Porcupine 4 years, 8 months ago
"America is prospering again?" Listen closely to Sanders. He doesn't lie. The stats he provides are what the real America looks like. The 1% is prospering. The vast majority are struggling, just like here. sweptaway, turn off your TV and do some honest reading. TV is meant for one reason, and one reason alone. To sell things. The airwaves are owned by billionaires. Are you one? The death of both The Bahamas and the US will be because the people have become willfully ignorant and continue to elect rich jackasses who claim to be "Christian" who really couldn't give a damn about anything other than themselves, their donors and their re-election. America is not prospering, unless you mean the stock market. Know how many ordinary Americans own stocks? Probably not, cause you won't see these stats on TV. Please, do some reading and get a grip on reality.
proudloudandfnm 4 years, 8 months ago
Swept, bro, step away from the meth....
BONEFISH 4 years, 8 months ago
Bernie Sanders can not win the democratic party nomination.An analyst on CNN basically said so.The fire wall created by the centrist bloc in the democratic party in the 1980's held on super Tuesday.He has not much support among key factions in the party like African Americans,white southerners and blue collar workers.
Porcupine 4 years, 8 months ago
Bonefish, All this tells us is that people need to be educated.
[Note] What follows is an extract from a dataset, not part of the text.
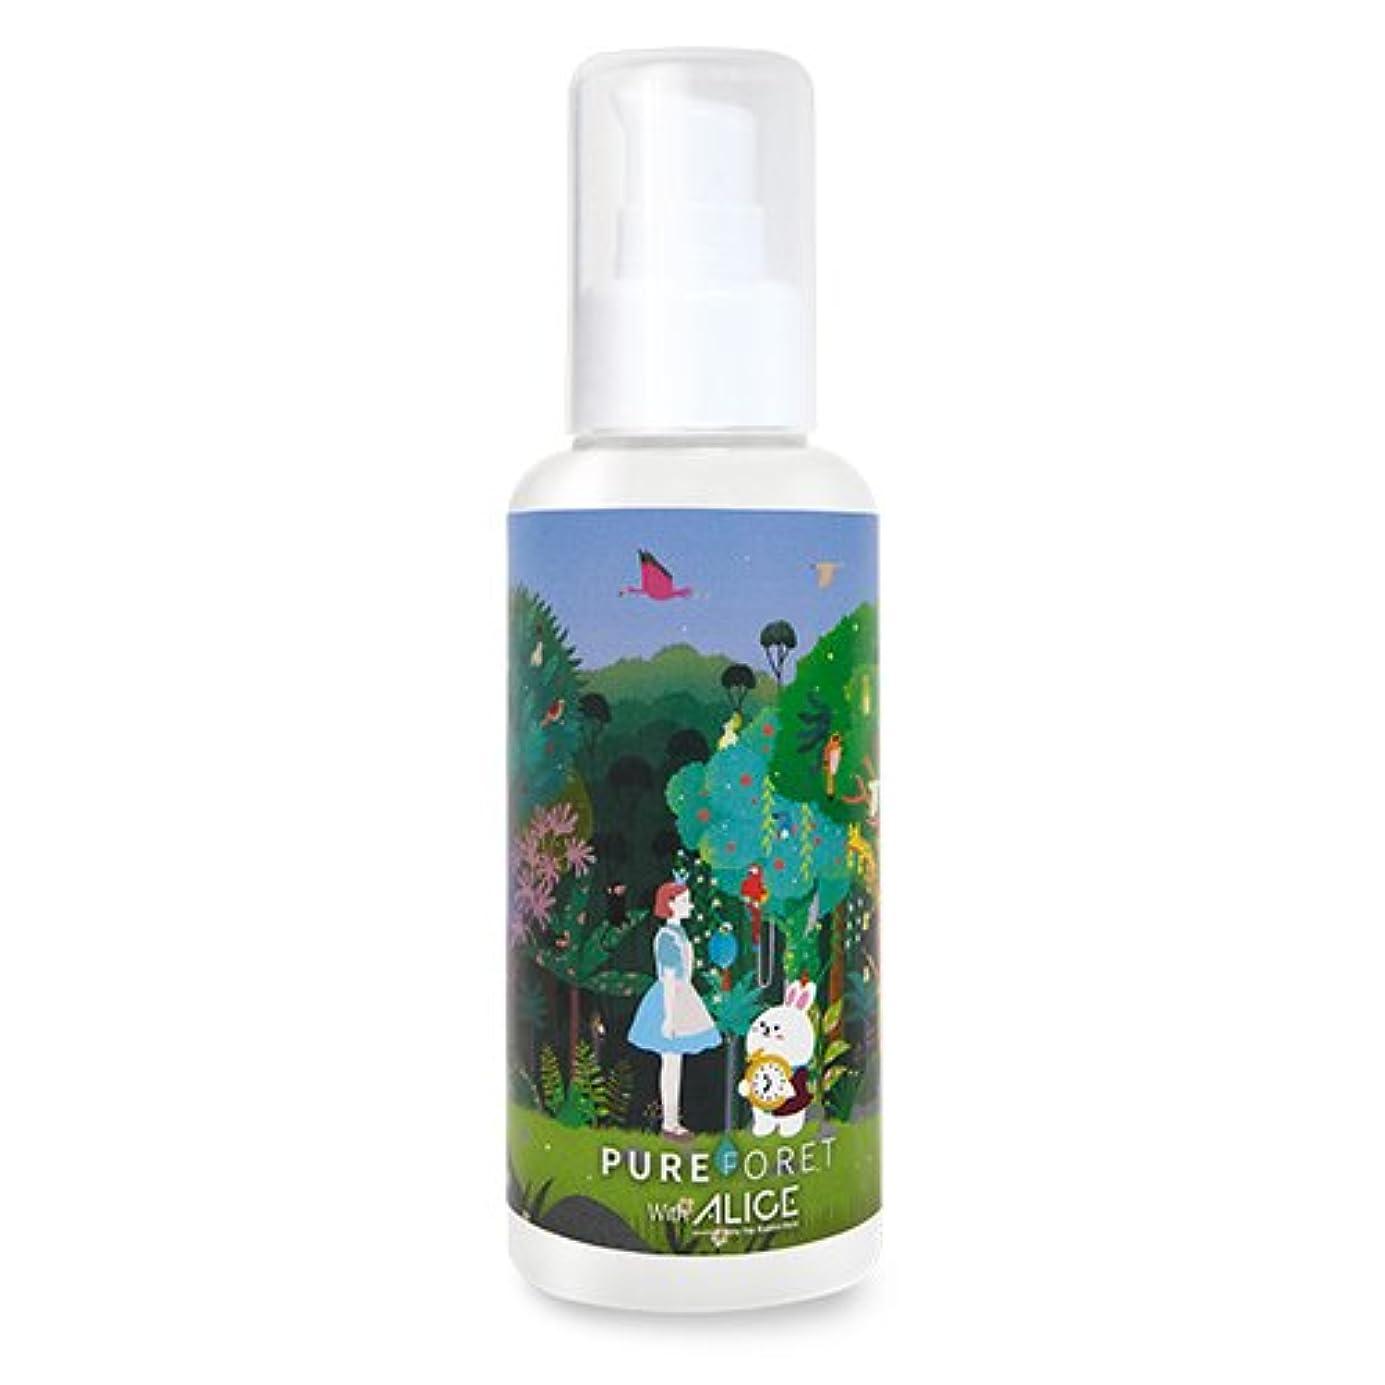 ミシン目ガジュマルキネマティクス韓国産 Pureforet x Alice スキンリペア ハイドレーティング スキン 化粧水 (150ml)

Just what the rich don't want, for if people were educated they would understand that Sanders is the only one who has all of the groups you mentioned in his policy interests. Please understand, the US is only working for the fewer. Once people wake up they would understand that the rest of these guys, proven by their records, work for the bankers and the richest. They do not represent the vast majority of people. It does boil down to education. Just what the US and The Bahamas is lacking. Wonder why?
proudloudandfnm 4 years, 8 months ago
Anyone but trump!!!! That is the only mission....
longgone 4 years, 8 months ago
The Donald has no worries--He will cruise in November----Take that to the bank!
longgone 4 years, 8 months ago
The Donald has no worries---He will cruise in November---Take that to the bank!